Jugendliche der norwegischen Sozialdemokraten AUF spielen auf dem Utøya-Sommerlager 2010 "Durchbrecht die Blockade" (Foto: Sosialistisk Ungdom - SU)
Was waren eigentlich die Tätigkeiten der Jungsozialisten der AUF im Utøya-Jugendlager, bevor Anders Breivik dort den schlimmsten Terrorangriff auf den Westen seit Madrid verübte? Welche Ideologie wurde den Kindern, Jugendlichen und jungen Erwachsenen (das Durchschnittsalter war 16 Jahre) dort eingeimpft?
Ulrich Sahm hat bereits darüber berichtet, dass die Jugendlichen ein Plakat mit der Aufschrift “Boykottiert Israel” einen Tag vor dem Attentat im Beisein des norwegischen Außenministers Jonas Gahr Støre auf der Insel Utøya hochhielten und dass einige der Teilnehmer zunächst glaubten, das Massaker wäre eine Simulation israelischer Angriffe auf Palästinenser im Gaza-Streifen.
Das ist aber noch lange nicht alles. Im Utøya-Zeltlager der Sozialdemokraten haben die Jugendlichen im Jahr 2010 ein Spiel namens “Durchbrecht die Blockade” gespielt: Sie setzten sich in ein Schlauchboot, das ein Schiff der “Friedensflotte” symbolisieren sollte, und simulierten die Übertretung der Seeblockade beim Gaza-Streifen. Einige der Jungsozialisten trugen dabei Palästinenser-Halstücher.
Schließlich haben die Jugendlichen der AUF islamische Nachwuchs-Terroristen auf die Insel eingeladen. Sie bekamen Besuch von der Fatah-Jugend. Die Fatah-Jugend, die sich als “Opfer des israelischen Staatsterrorismus” ansieht, veröffentlichte nach dem Massaker folgende Erklärung: “Mit Fassungslosigkeit haben wir die dramatischen Neuigkeiten eines schrecklichen Terrorangriffs gegen ein Sommerlager vernommen, das von unseren Kameraden der Norwegischen Arbeiterjugend AUF geleitet wird (…) Die Fatah-Jugendgruppe hat seit beinahe 15 Jahren am selben Sommerlager teilgenommen.”
Zumindest erklärt das, wie Breivik auf die Idee kommen konnte, anstelle von islamischen Terroristen ein Sommerlager der sozialdemokratischen Arbeiterjugend anzugreifen – islamische Nachwuchs-Terroristen bezeichneten die Teilnehmer des Sommerlagers als ihre “Kameraden”. Die AUF hat außerdem im Jahr 2010 mit einer Kampagne gegen Israel von sich Reden gemacht (siehe Fotos).

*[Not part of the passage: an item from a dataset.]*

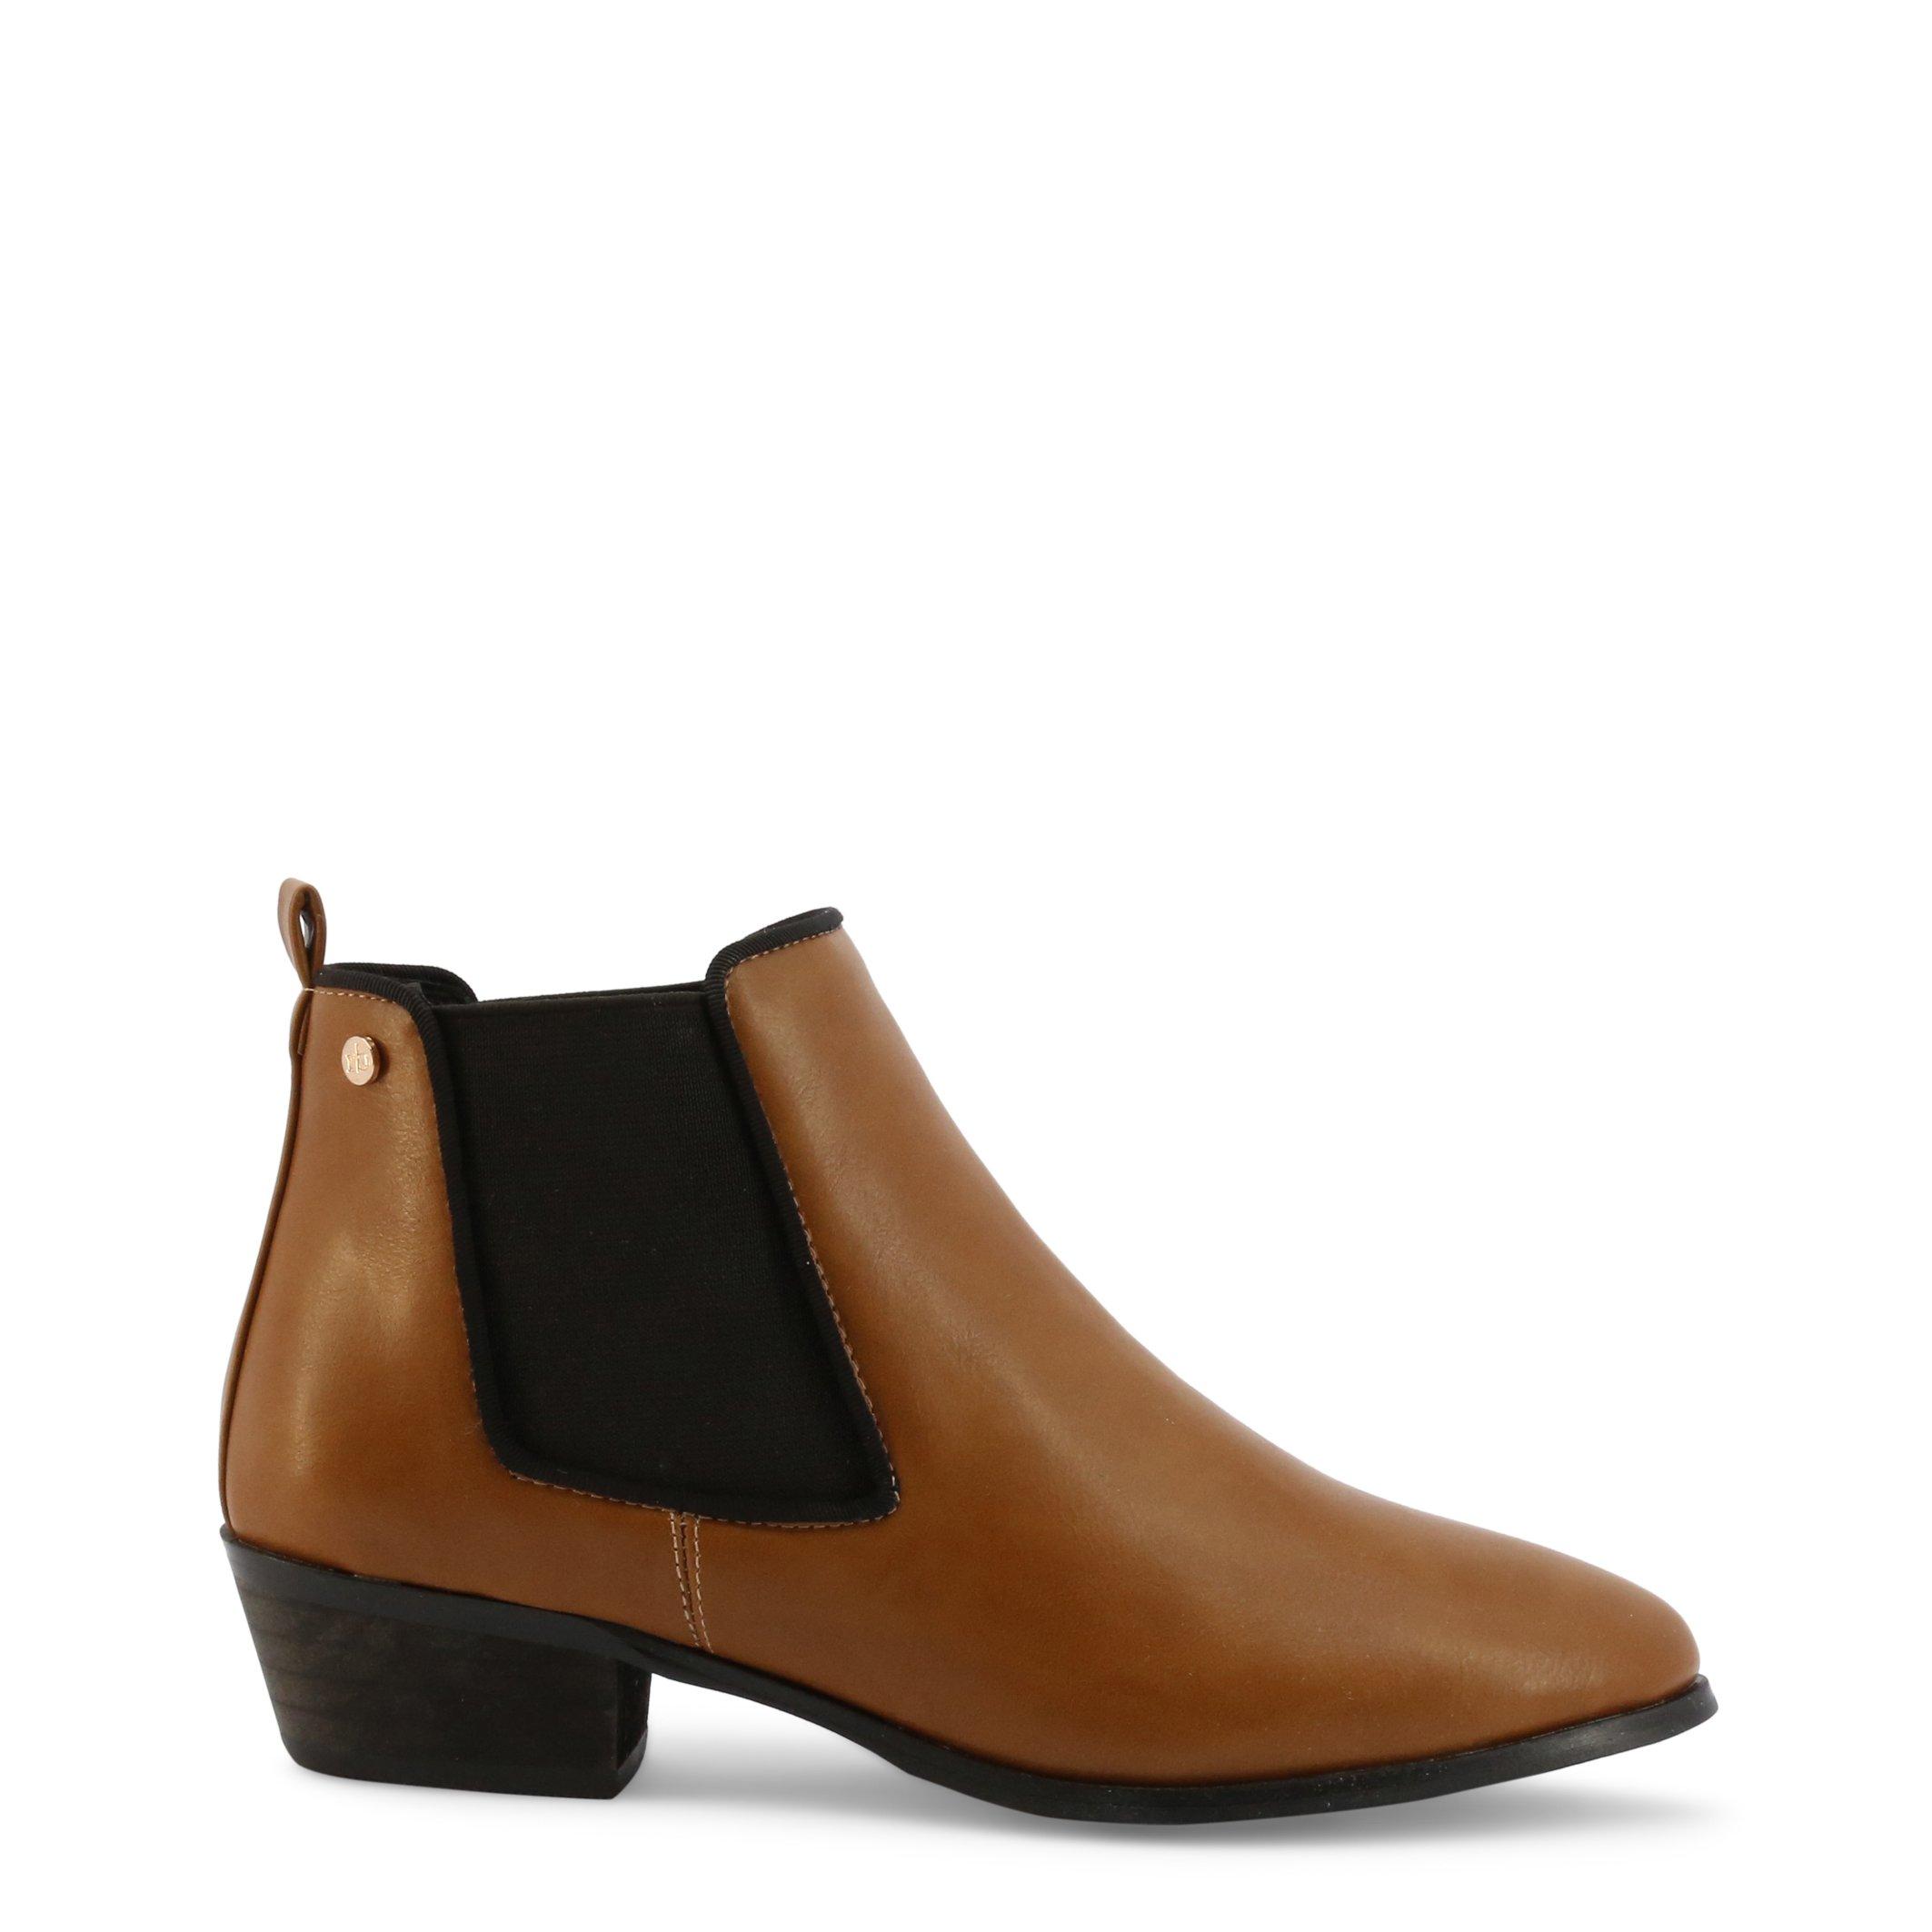 Roccobarocco Women's Ankle Boot Various Colours RBSC1JJ02VIT - brown EU 37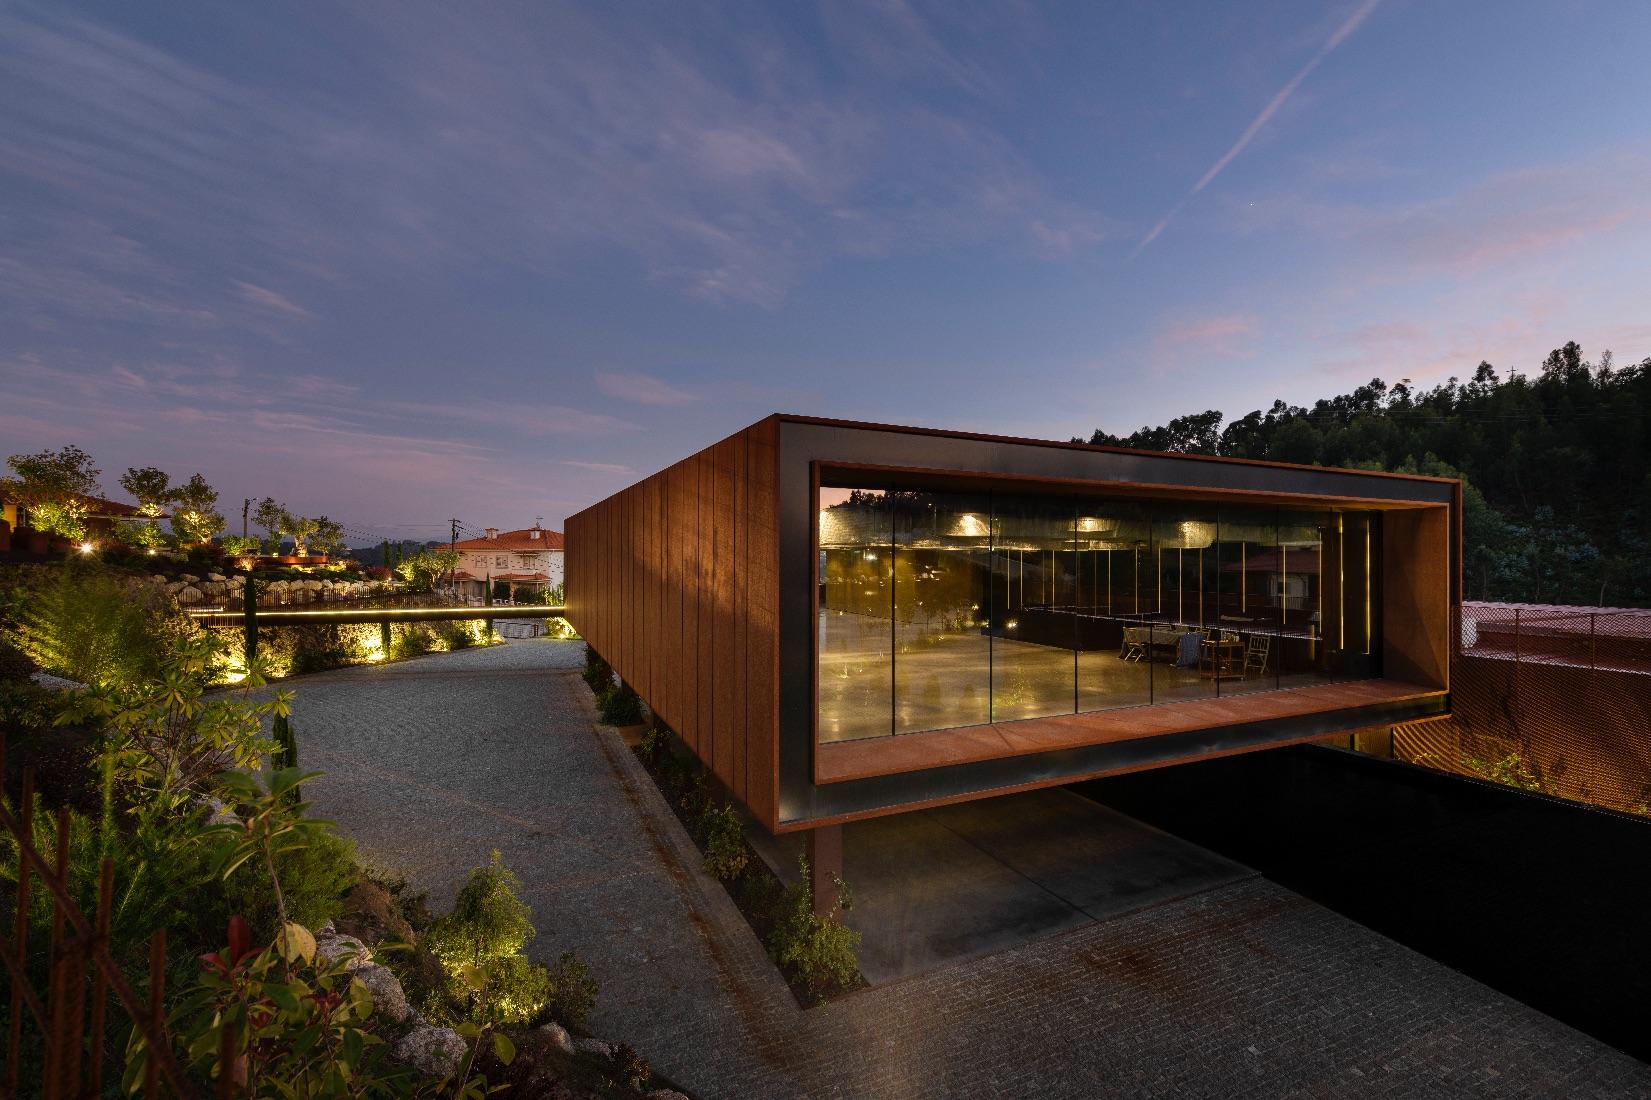 11_MMV Arquitectos_Suspended Matter Box_Inspirationist

Adrian Pracon, der das Massaker des rechtsradikalen Massenmörders Anders Breivik überlebt hat, berichtet davon, ob die linke Ideologie, die man den Kindern eingetrichtert hat, ihnen in dieser schrecklichen Situation helfen konnte:
“Einige meiner Freunde haben versucht, [Breivik] aufzuhalten, indem sie mit ihm sprachen. Viele Leute auf der Insel denken, dass es ein Test war (…) verglichen damit, wie es ist, in Gaza zu leben. Also sind viele Leute zu ihm gegangen und haben versucht, mit ihm zu reden, aber sie wurden sofort erschossen.”
Es gibt kein Gut und Böse. Die Mitglieder der Fatah-Jugend sind Menschen wie wir, sie sind nur in einer schrecklichen Lage aufgewachsen, weil die Israelis sie schlecht behandeln. Anders Breivik ist ein Mensch wie wir, er ist nicht böse, bloß weil er uns ermordet. Man kann jedes Problem lösen, indem man einfach darüber redet.
Wenn es nach mir gegangen wäre, hätte der Polizist, der sich während des Massakers auf der Insel befunden hat, seine Waffe tragen dürfen und er hätte gelernt, wie man mit Terroristen kommuniziert. Mit scharfer Munition. So hätte man das Attentat verhindern können. Die Köpfe der Kinder mit Unsinn zu füllen, hat die Situation nur weiter verschärft.
Der Westen muss endlich erwachsen werden und lernen, Freunde von Feinden zu unterscheiden. Erster Schritt: Man duldet keine Nachwuchs-Terroristen auf dem Sommerlager seiner Kinder. Die Opfer Breiviks waren nicht nur die Opfer von einer zerstörerischen Ideologie.